According to a report by Emirati news outlet, the Khaleej Times, subscribers to the particular streaming network within the UAE fell victim to the hacking incident on live Western channels yesterday, in which their screens displayed a message stating that “We have no choice but to hack to deliver this message to you”.
The screens then displayed an AI (artificial intelligence) news anchor presenting a bulletin on the plight of Palestinian children and women in Israeli jails, along with footage showing them in distress.
Many #UAE residents experienced an unexpected interruption to their television programmes on Sunday night as a #CyberAttack targeted set-top boxes, replacing regular content with information about #Israeli atrocities in #Palestine.
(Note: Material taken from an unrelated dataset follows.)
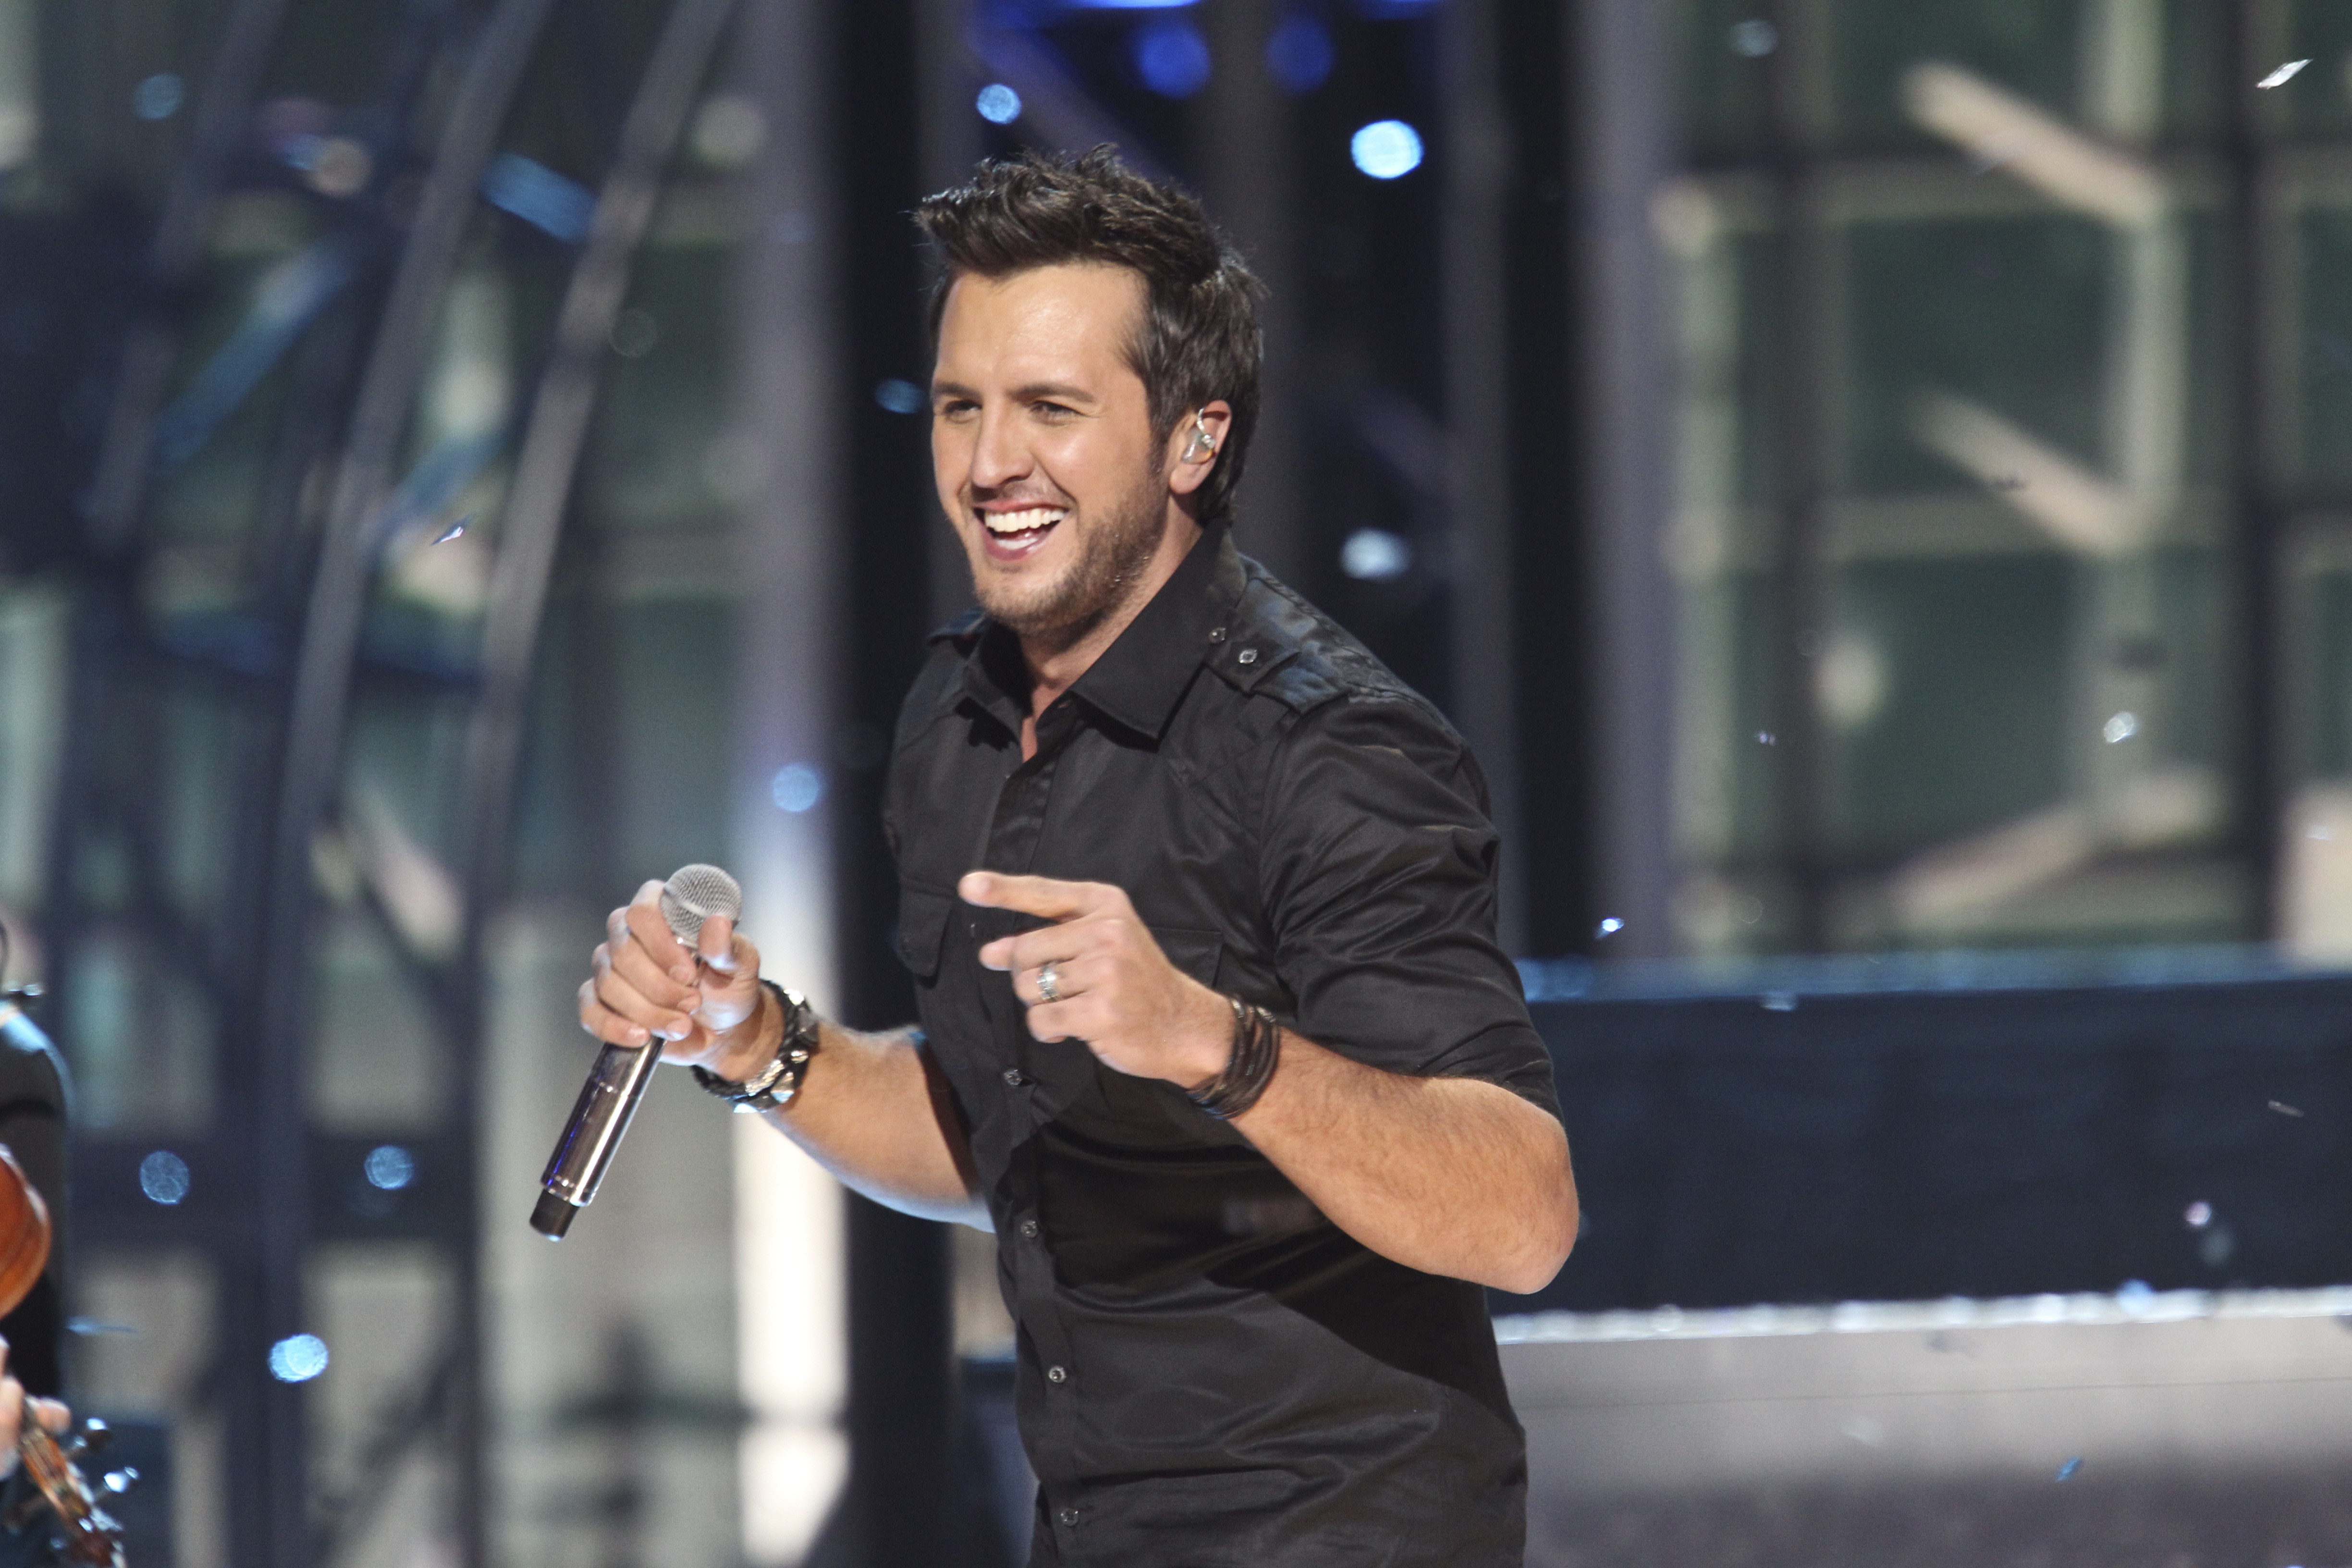 Luke Bryan scheduled to perform on the 48th annual ACM Awards

Subscribers to the affected service reported a… pic.twitter.com/wAFSRO5E0Z
— Khaleej Times (@khaleejtimes) December 11, 2023
One resident in Dubai, identified by the initials AA who uses the popular HK1RBOXX streaming device, was quoted as saying “I was watching BBC News around 10.30 pm when the programme was abruptly disrupted, and instead, harrowing visuals from Palestine appeared on my screen. I watched transfixed as my screen froze, and a message from the hacker popped up in all caps against a green background. This was immediately followed by a news bulletin presented by an AI anchor. It was surreal and scary.”
A female European resident identified as JF also recounted her experience while watching a quiz show, stating that “I found myself watching a bespectacled AI anchor discussing the atrocities, accompanied by a ticker displaying the number of Palestinians killed and wounded so far. The videos were quite graphic, and I had children around. I didn’t want them exposed to it, but we were caught unprepared. Every channel we switched to displayed the same content.”
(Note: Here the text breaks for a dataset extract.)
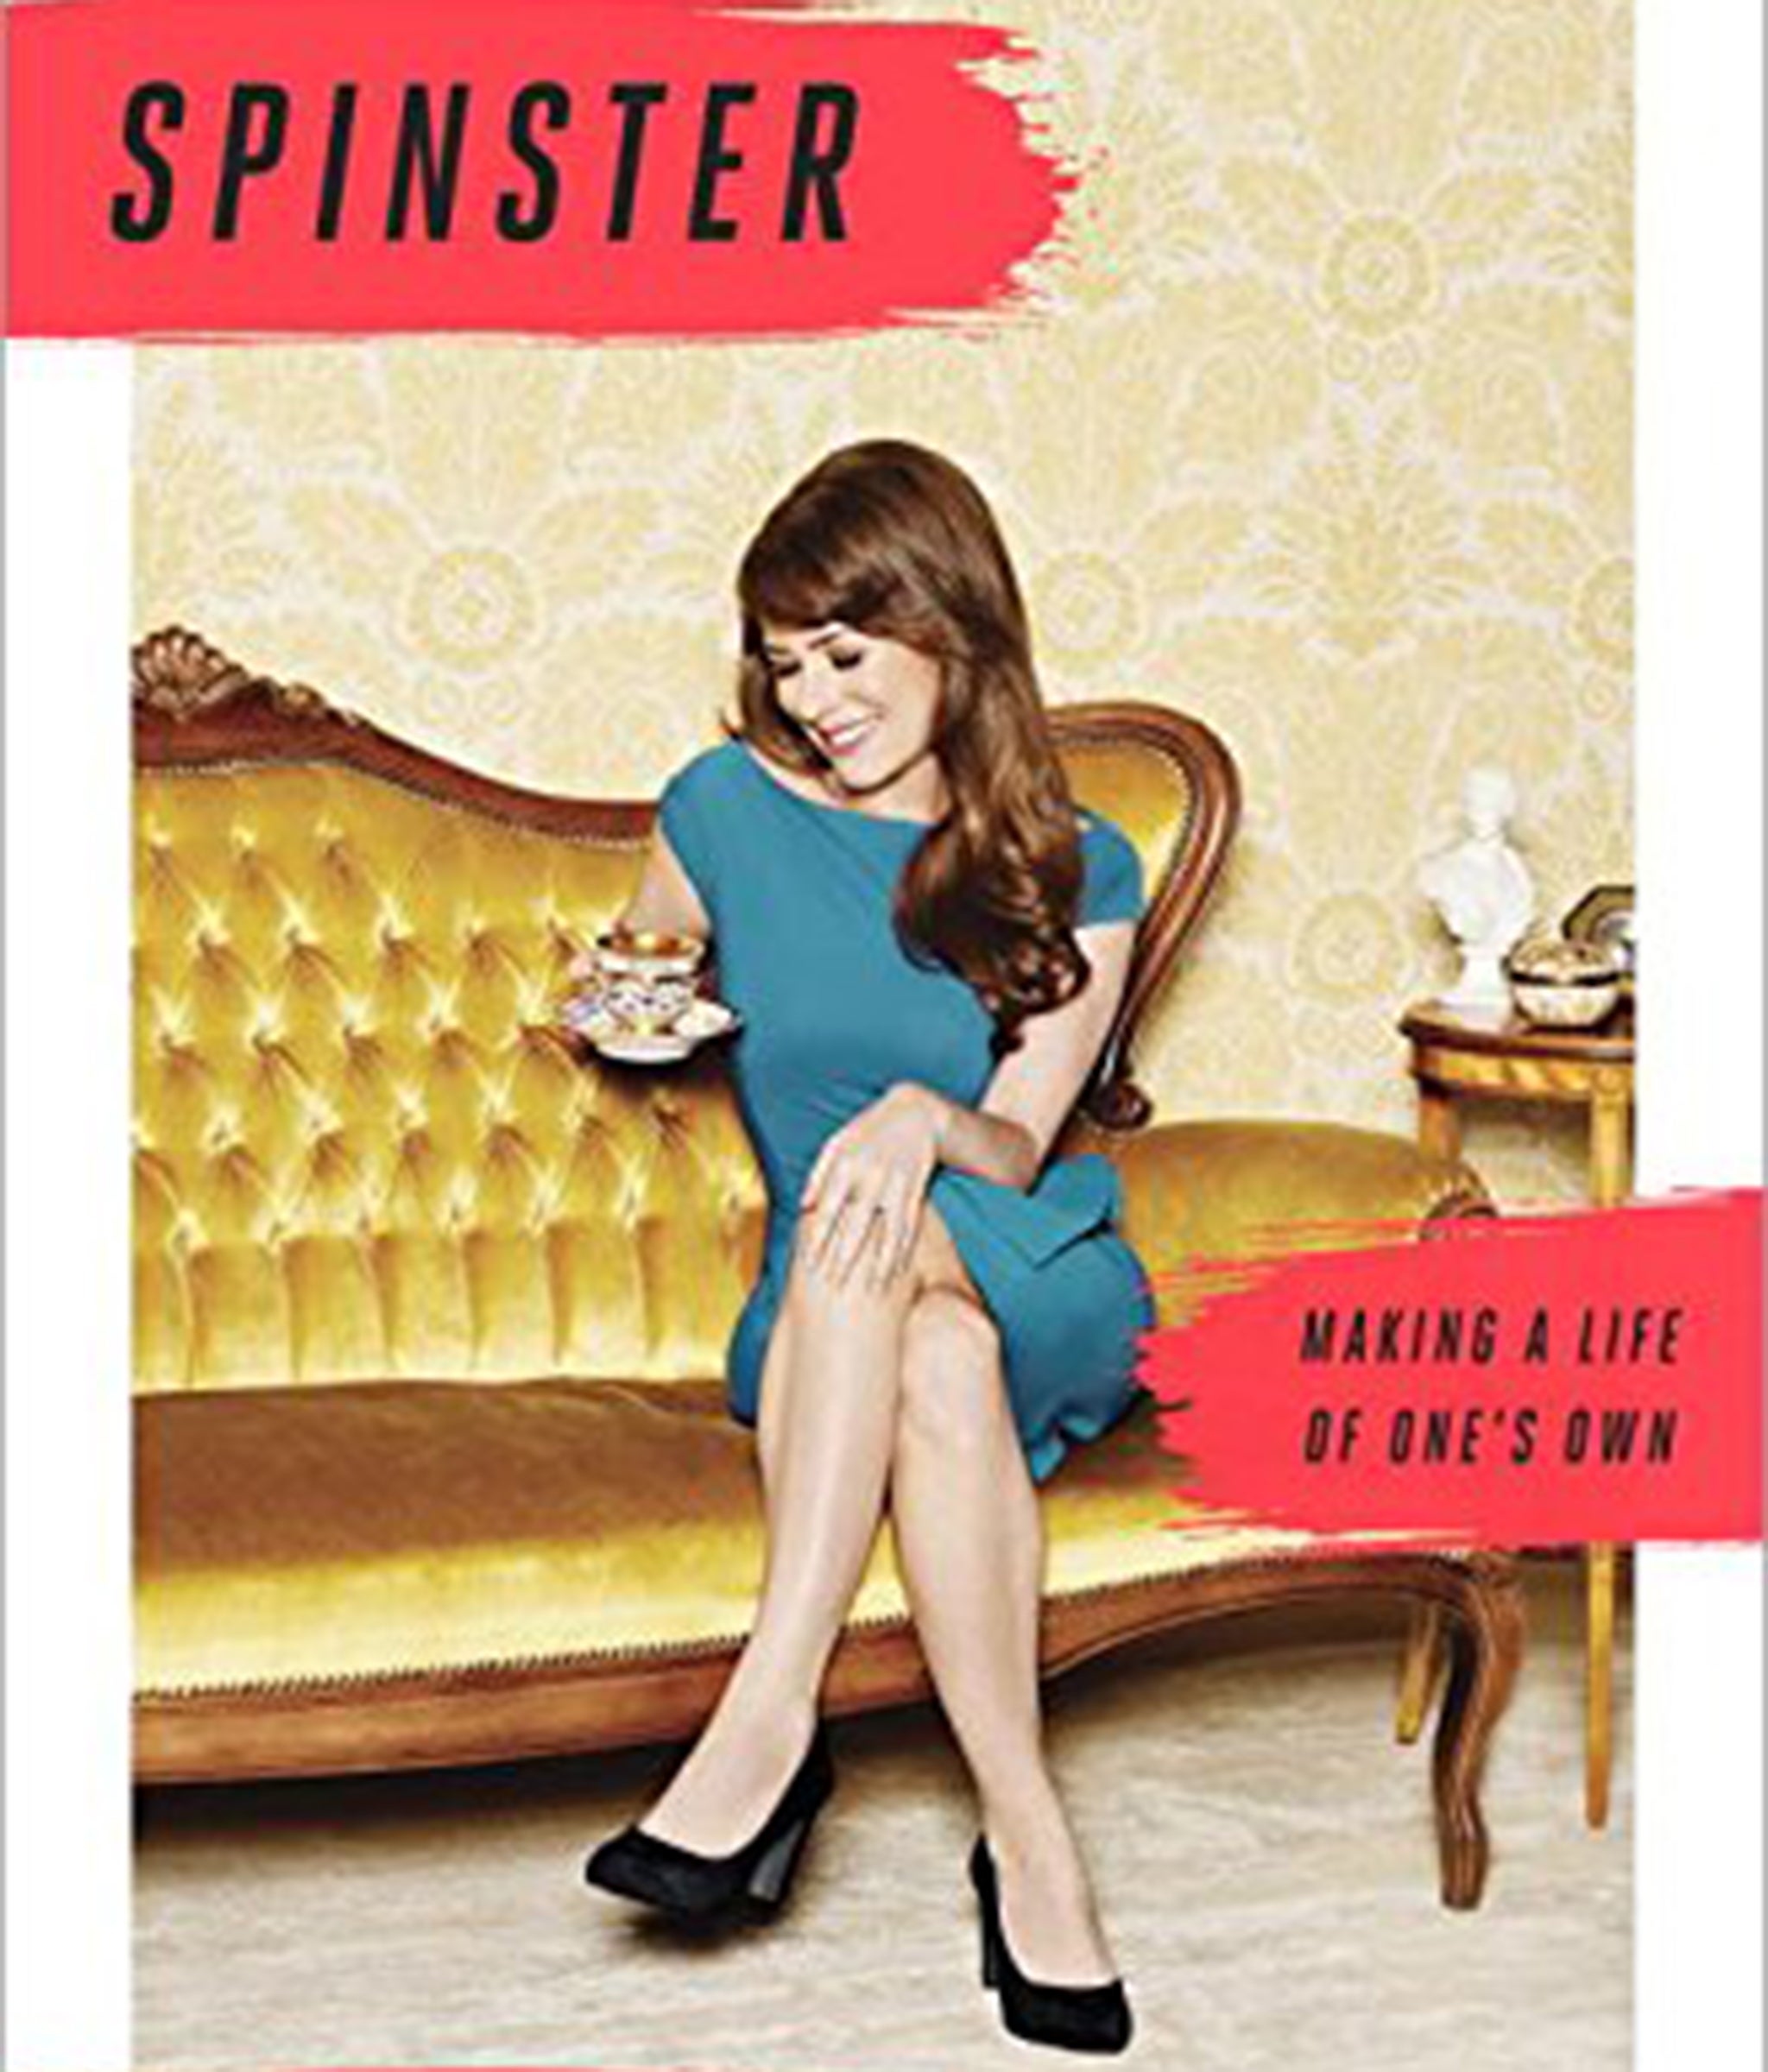 Spinster: A Life of One’s Own by Kate Bolick

It remains unknown who was behind the hacking incident and from where they operated from. The streaming service acknowledged the issue and released an apology, assuring its subscribers that it was actively investigating the matter.
The breach was reportedly a result of the networks’ streaming servers having been compromised, according to the report which quoted Obaidullah Kazmi, founder and CTO of the Dubai-based cyber security company, Credo. “Due to the inherently insecure nature of such unauthorised services which often lack robust security measures, there is a heightened risk to both the service and its user”.